*** Opening EXERCISE DATA ***

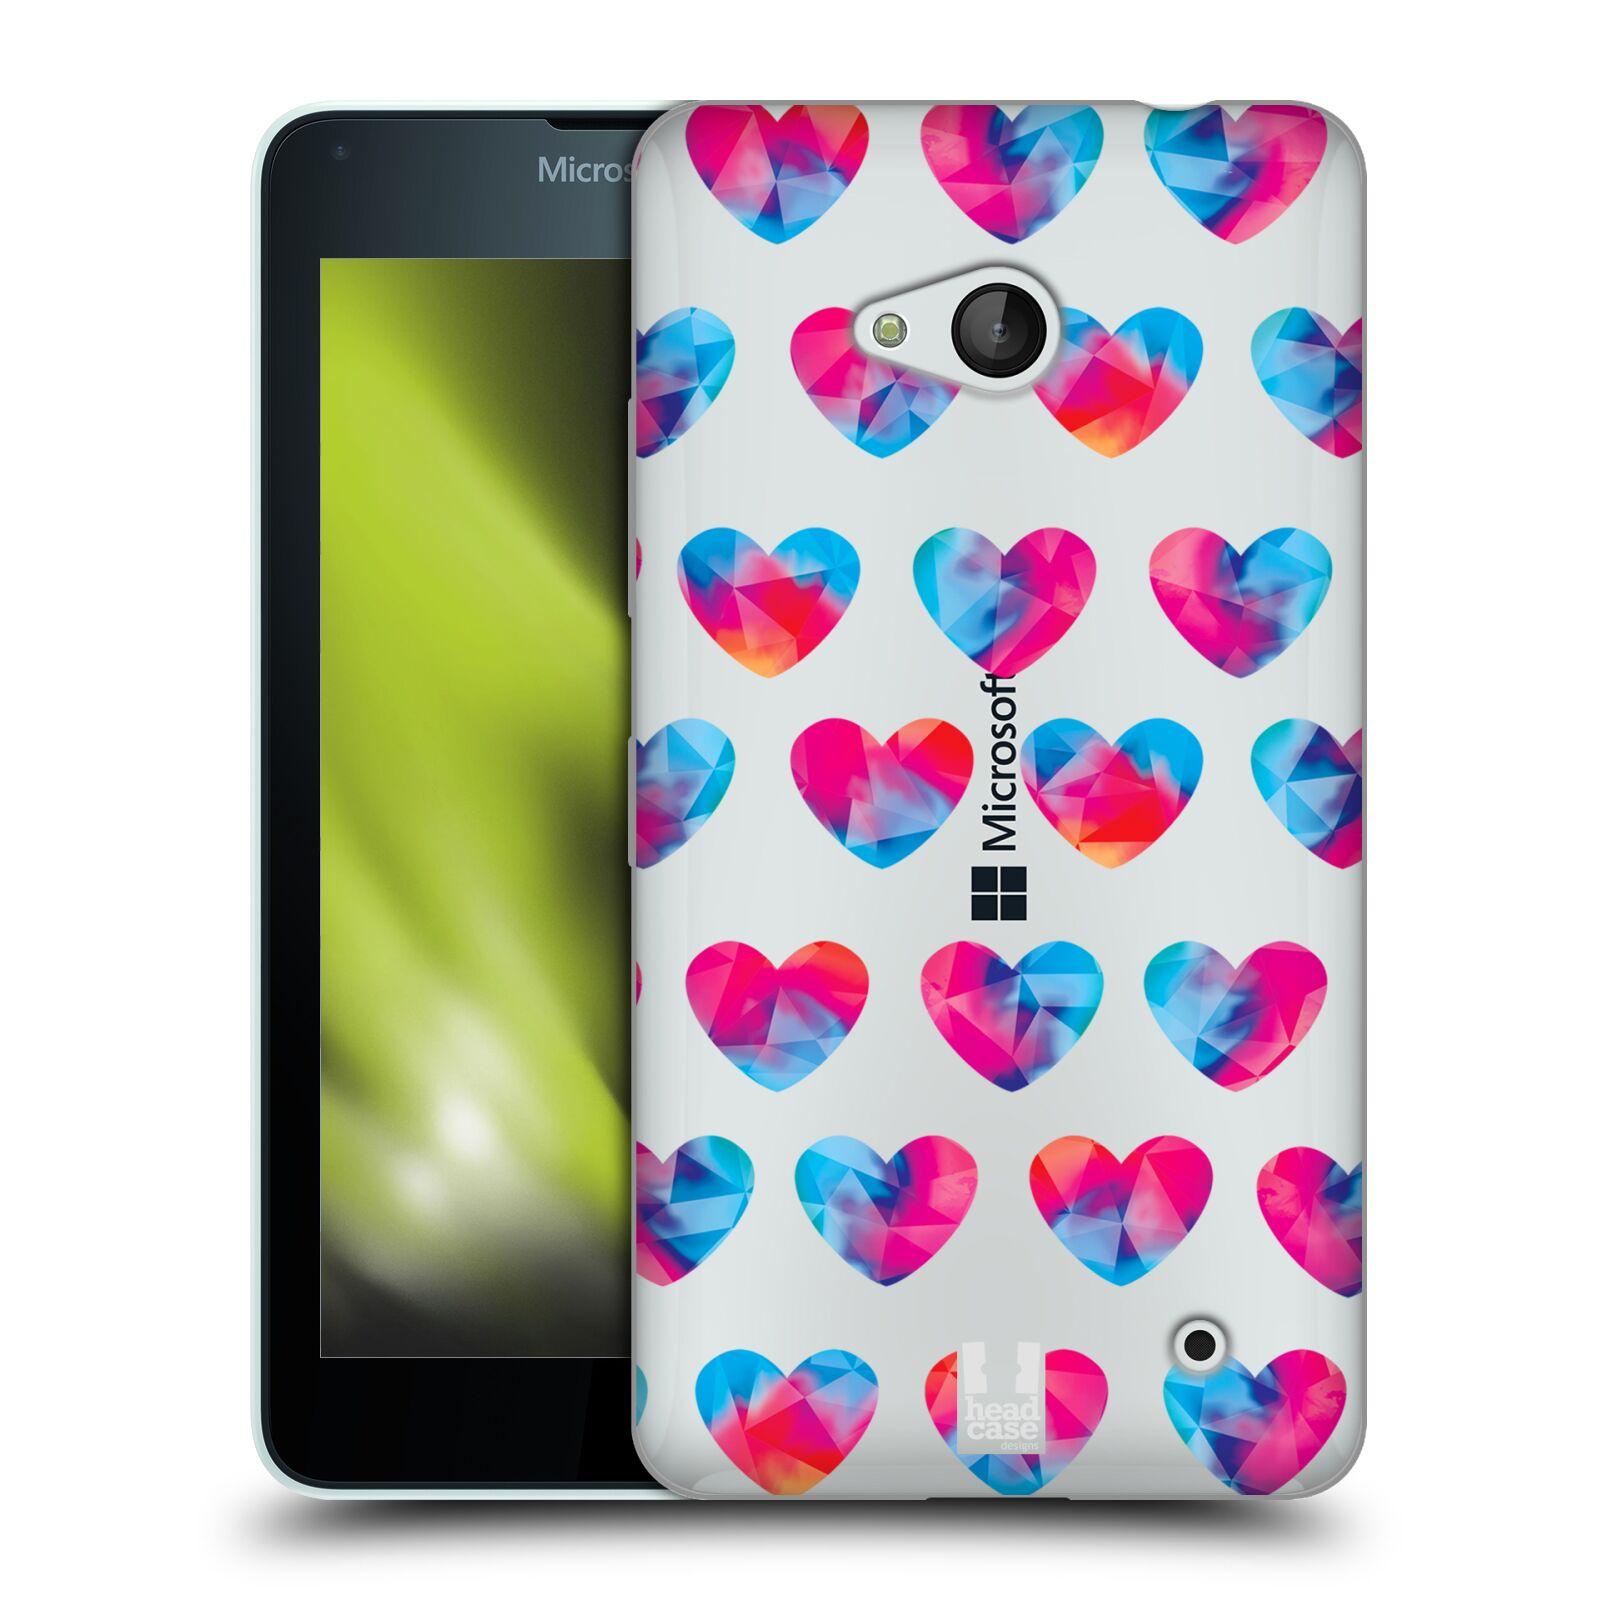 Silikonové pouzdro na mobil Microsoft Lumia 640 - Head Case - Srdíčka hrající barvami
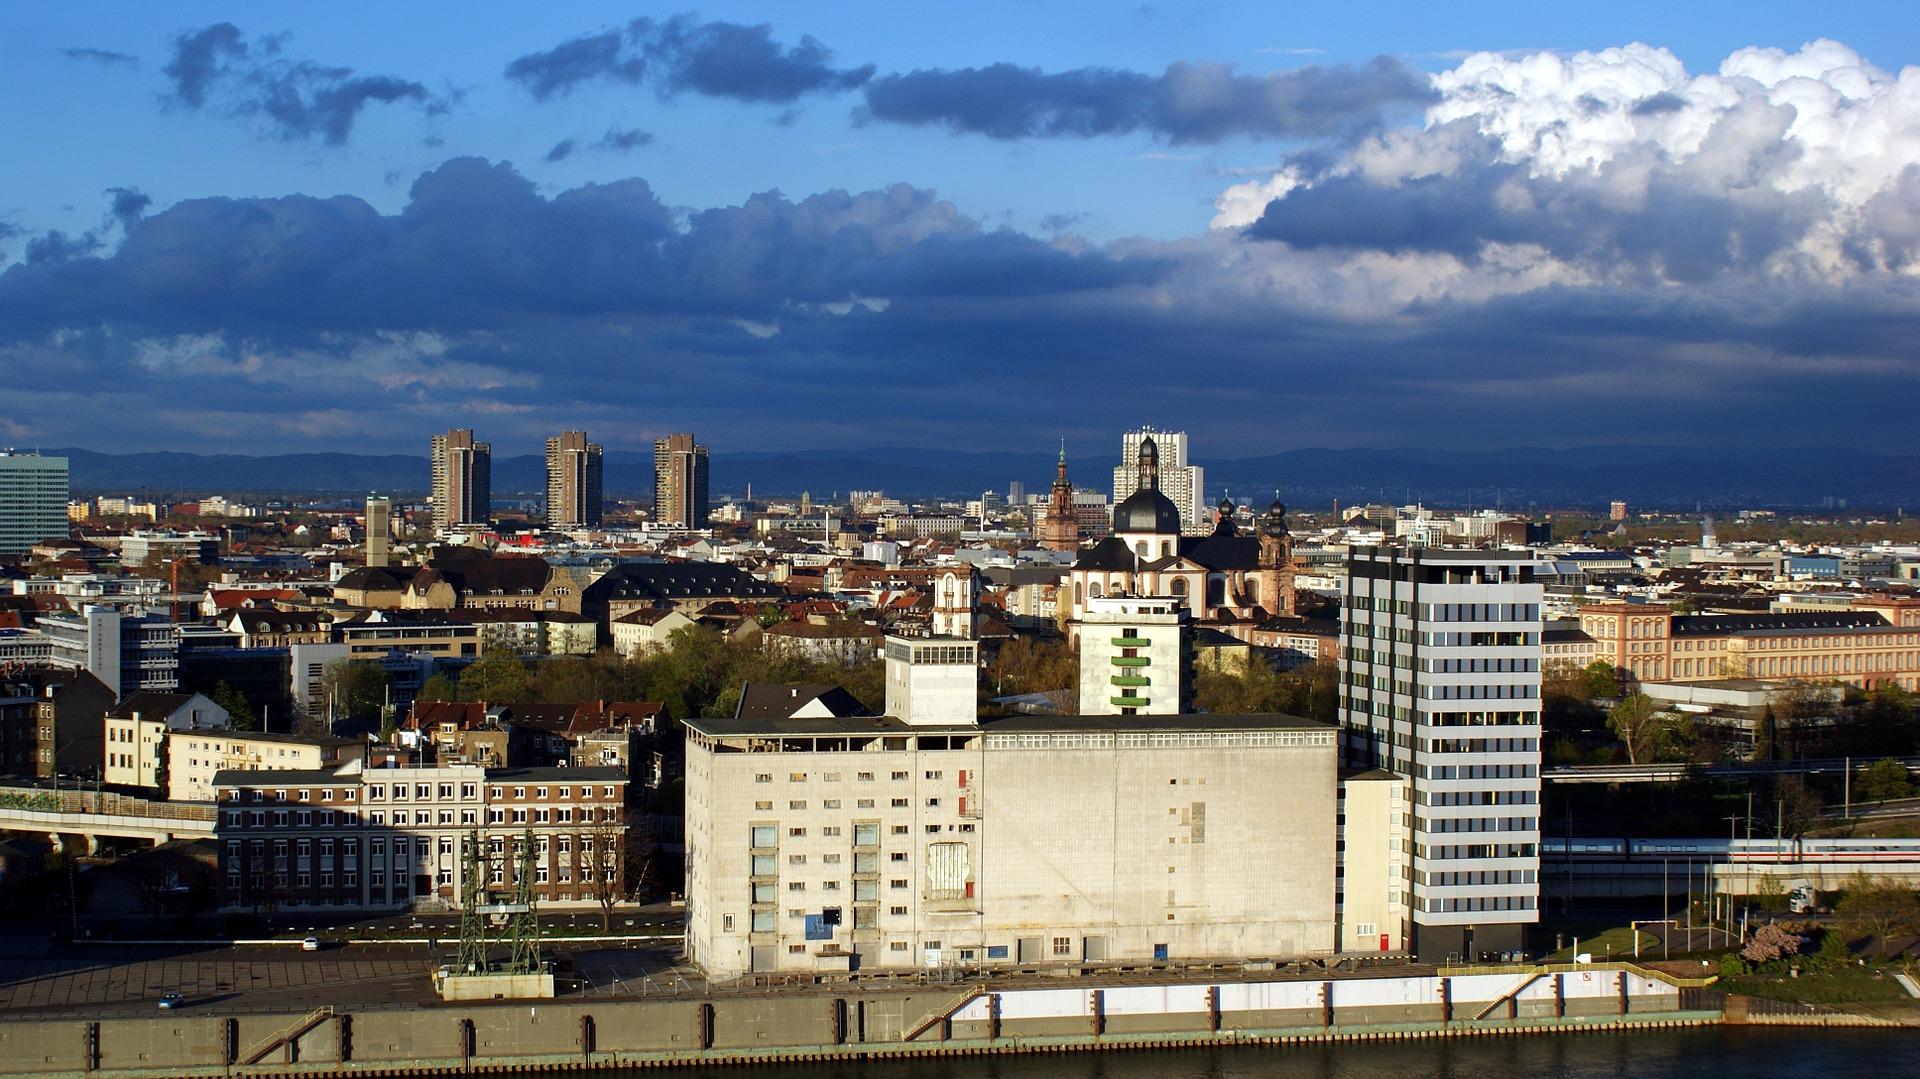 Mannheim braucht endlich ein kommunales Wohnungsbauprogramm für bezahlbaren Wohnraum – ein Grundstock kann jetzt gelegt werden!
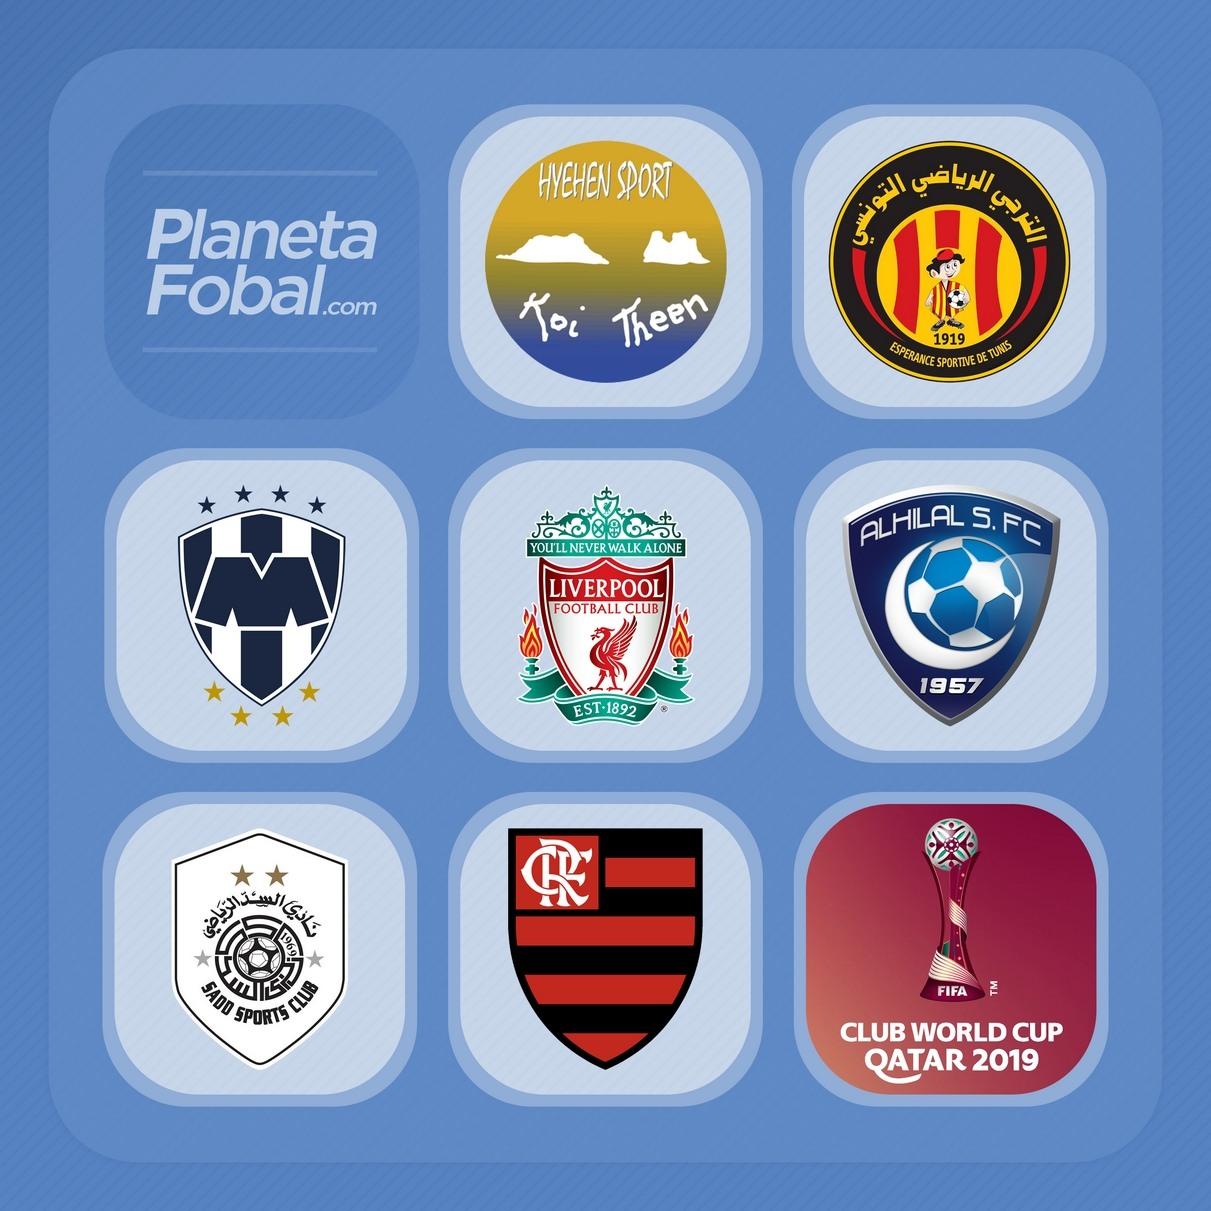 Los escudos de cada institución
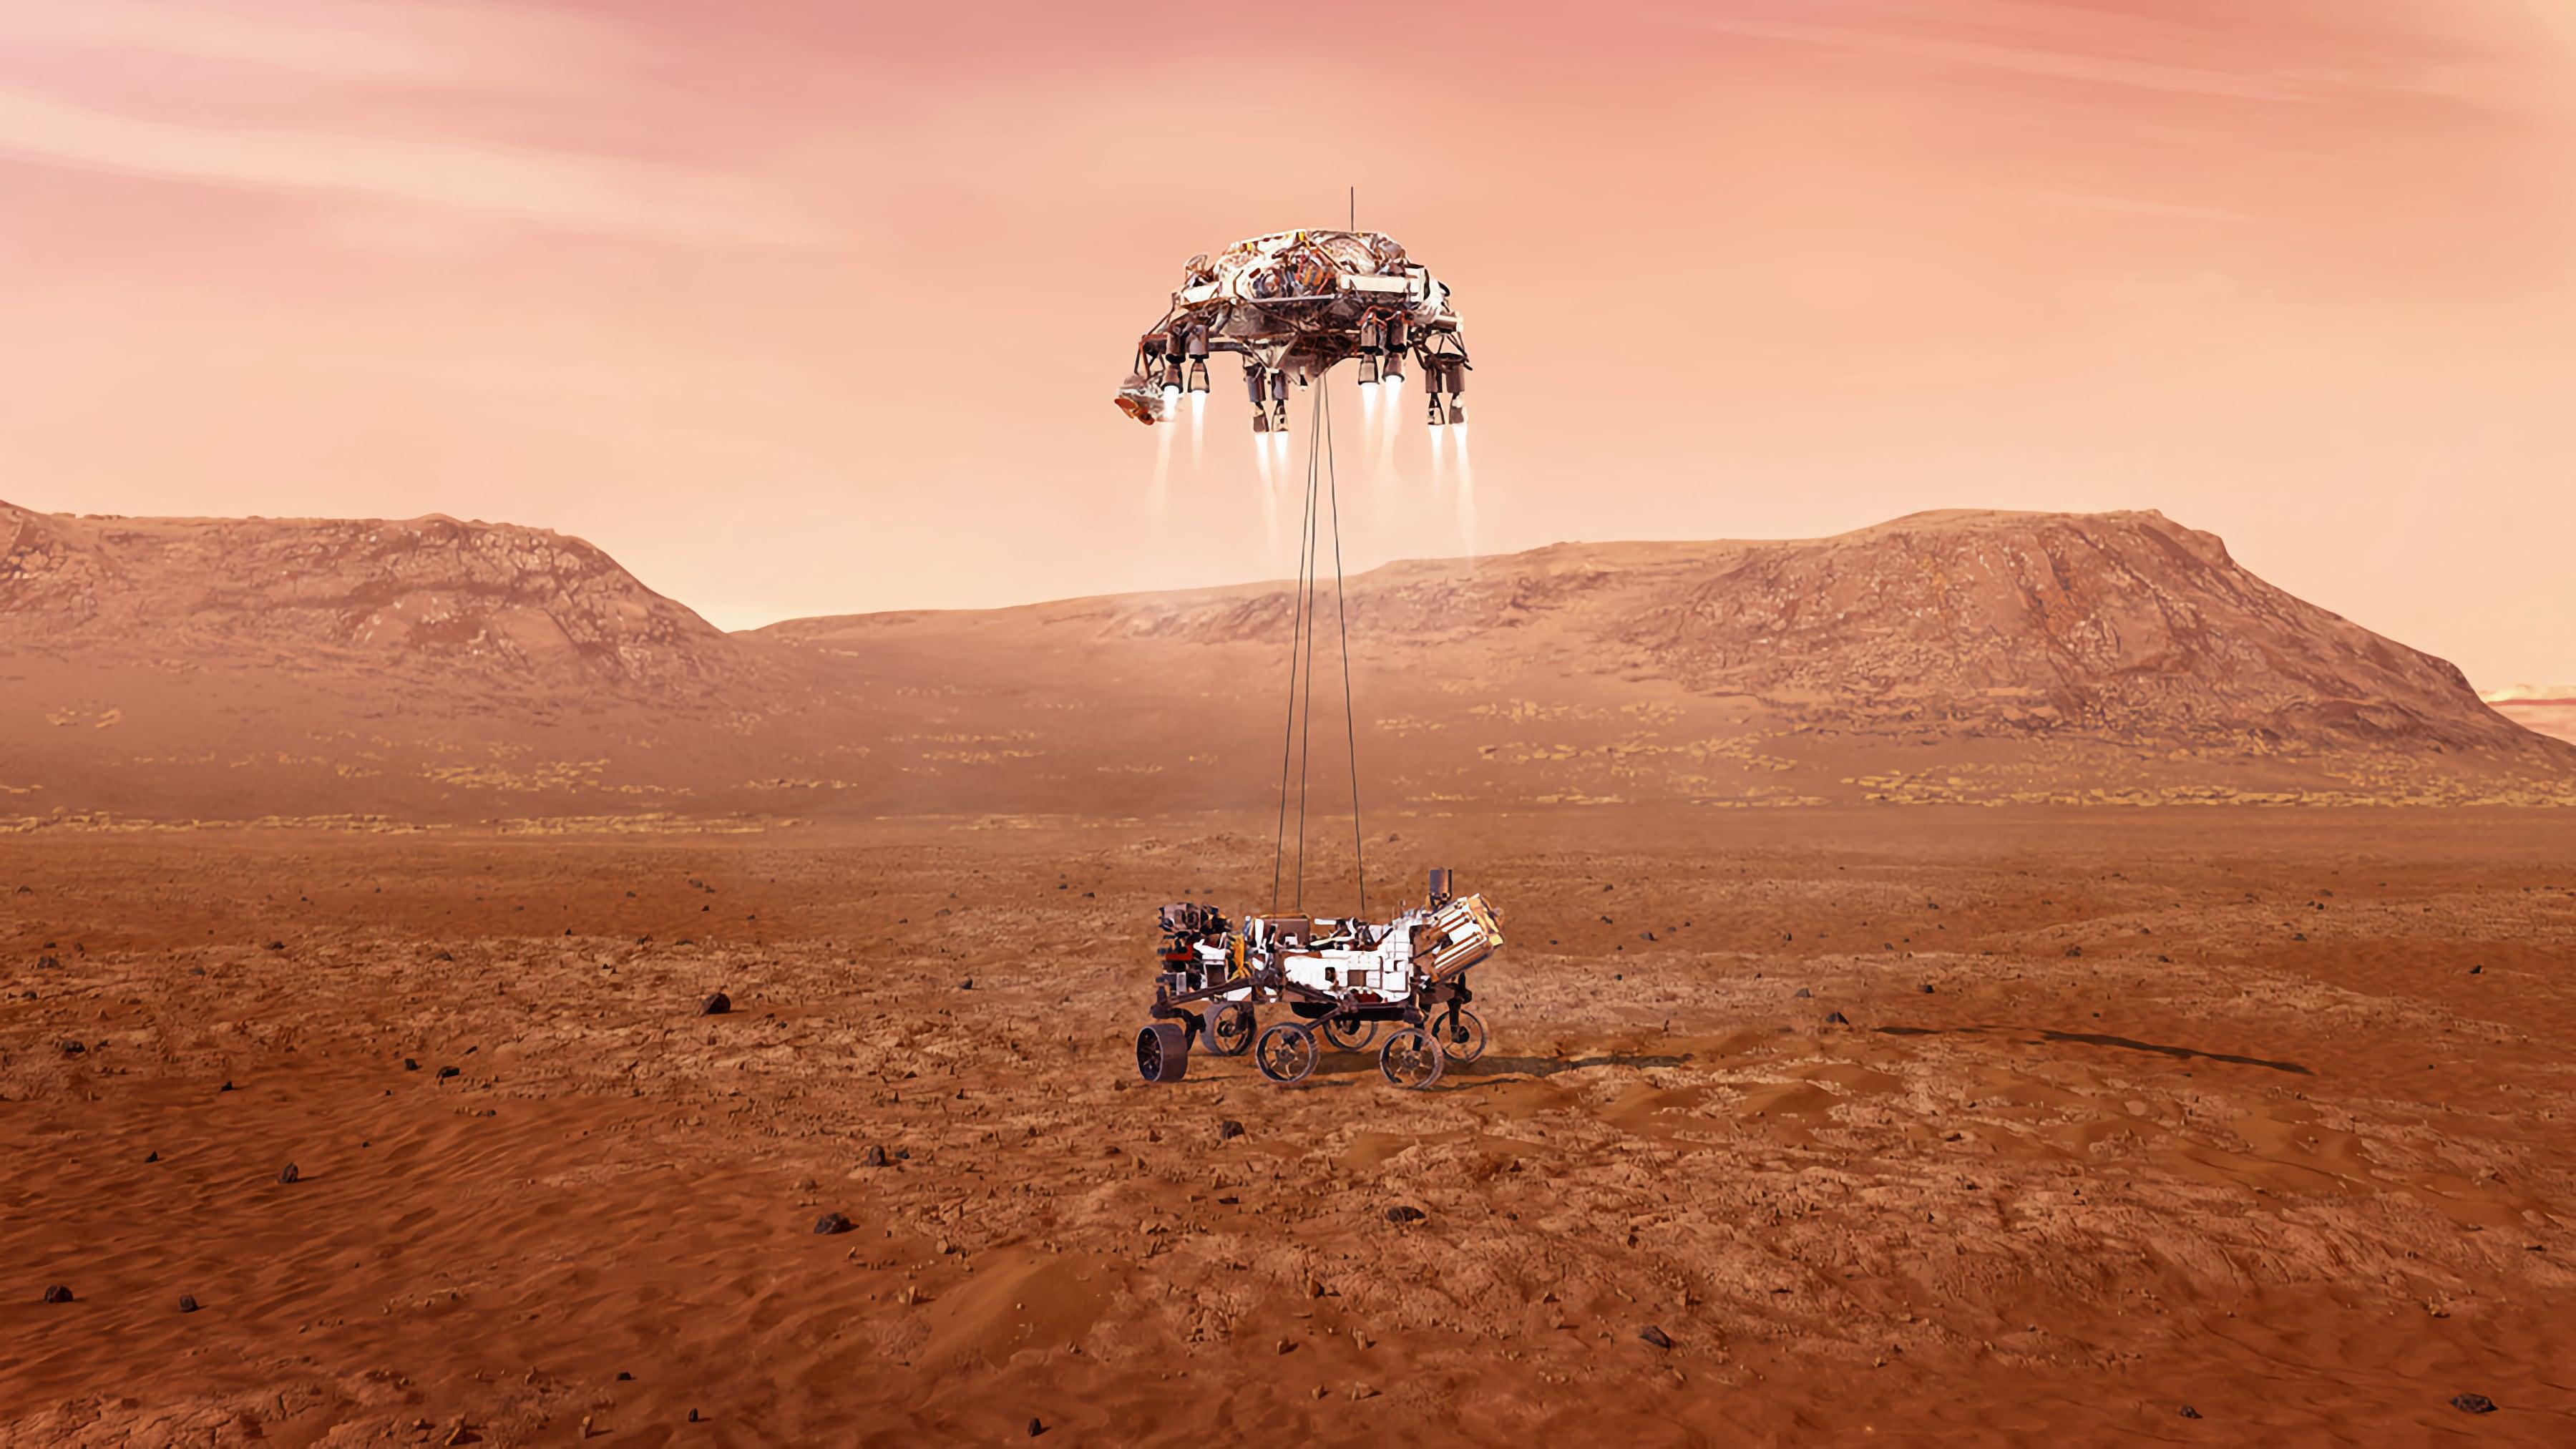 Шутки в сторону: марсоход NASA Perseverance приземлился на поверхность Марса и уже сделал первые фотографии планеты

*** Closing EXERCISE DATA ***

* ABOUT THIS EXERCISE:
Print exactly the lines from the line with "Los escudos de cada institución" through the end of the data, both ends included, and print no pictures.

* ANSWER:
 Los escudos de cada institución
 Шутки в сторону: марсоход NASA Perseverance приземлился на поверхность Марса и уже сделал первые фотографии планеты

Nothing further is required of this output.